項目地址git
具體使用:SphereView-模擬球面的ViewGroupgithub
以前看到了個keep的錄屏,子View就像是被貼在了一個球面上,能夠隨着球面旋轉而移動,方向也能夠根據手指滑動方向改變。 算法
球面是個xyz的三維座標系,咱們須要對(x,y,z)座標作(jiang)點(wei)處(da)理(ji),轉換爲平面座標系的(x,y)座標。bash
因爲z軸垂直於屏幕,屏幕所在的平面依然是xoy座標系,因此轉換後x,y並不會改變,只須要將z轉換爲透明度、大小、高度,讓子View看起來立體一點就能夠了。ide
這裏的高度指的是elevation,不是寬高的高度,View
中除了x
和y
也是有z
的,z
越大,View
底下的陰影就會越大,設置z
還有一個好處就是z
越大View
的層級就越高,這樣就不用本身手動處理層級變化了。關於z
能夠看這篇文章函數
由於是個球,因此手指在屏幕上滑動的時候其實是在旋轉這個球,因此處理滑動時須要將滑動的偏移量轉換爲球旋轉的弧度偏移量(Math
庫提供的三角函數接收的都是弧度不是角度,因此用弧度方便點,360角度=2π弧度)。oop
手指左右滑動時球繞y軸旋轉(y不變,只須要處理xoz平面),上下滑動時繞x軸旋轉(x不變,只須要處理yoz平面),類比平面座標系上移動一個View,處理方法是先給x座標加上x軸上的偏移量,再給y座標加上y軸上的偏移量,咱們能夠先處理xoz平面再處理yoz平面,這樣就完成了降維打擊。佈局
接下來就是高中數學題了,在xoz座標系中,(x,z)繞圓心旋轉了θ度後坐標爲多少?post
效果圖中的子View是均勻分佈在球面上的,若是隻在本身項目裏用的話能夠手動去寫座標,可是做爲一個庫的話,確定不能這樣,因此要找到一個算法能夠把肯定數量的點均勻分佈在球面上,由於比較懶(凡人只能算算三角函數),因此決定直接上網搜,而後搜到了這個10560 怎樣在球面上「均勻」排列許多點?(上)ui
文章中給出了一個公式,N爲點的總數,n爲第幾個點,ø爲黃金分割比
通過上面的分析以後,應該就很容易實現了,按照流程走就好了,首先是測量,測量模式爲EXACTLY
時,直接取父佈局傳入的寬高,測量模式爲AT_MOST
或UNSPECIFIED
時,寬度取最小子View寬度和最大子View寬度的平均值的三倍,高度取最小子View高度和最大子View高度的平均值的五倍,我的以爲這個數值比較合適就這樣寫了,以後有想法了再改,具體使用應該仍是EXACTLY
的狀況比較多。計算出寬高後取其中較小的值做爲球的直徑,並記錄一下球心位置
override fun onMeasure(widthMeasureSpec: Int, heightMeasureSpec: Int) {
measureChildren(widthMeasureSpec, heightMeasureSpec)

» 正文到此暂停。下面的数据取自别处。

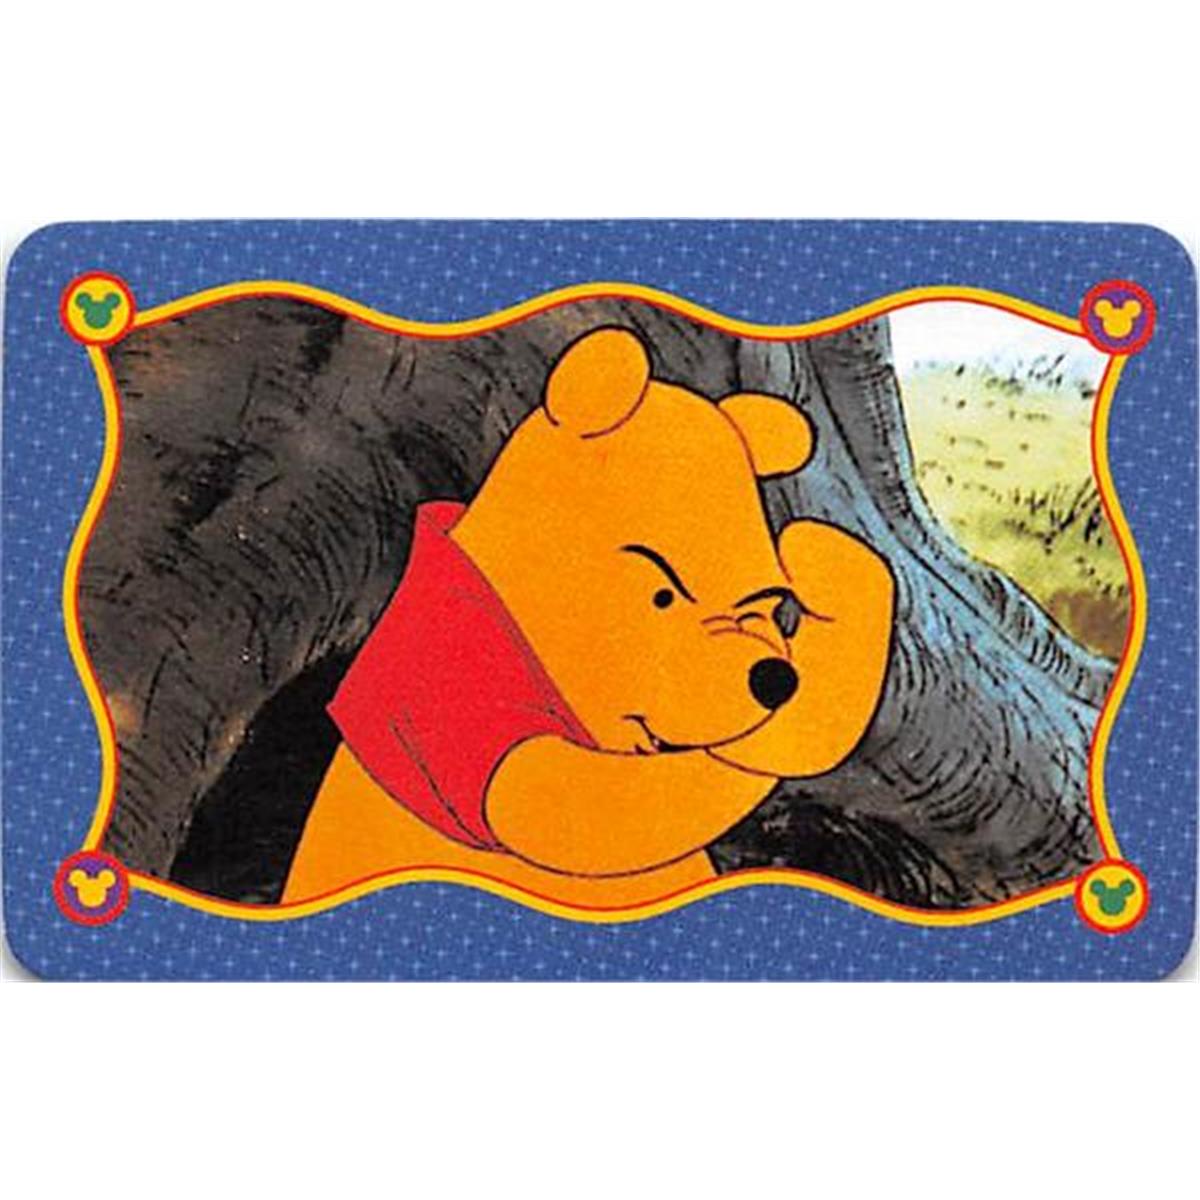 Picture of Autograph Warehouse 409529 Winnie the Pooh Trading Card - Disney Trivia Game 1999-Very Angry Bad

val width = measureWidth(widthMeasureSpec)
val height = measureHeight(heightMeasureSpec)
mRadius = min(width, height) / 2
mCenter.x = width / 2
mCenter.y = height / 2
setMeasuredDimension(width, height)
}
private fun measureWidth(widthMeasureSpec: Int): Int {
val widthMode = MeasureSpec.getMode(widthMeasureSpec)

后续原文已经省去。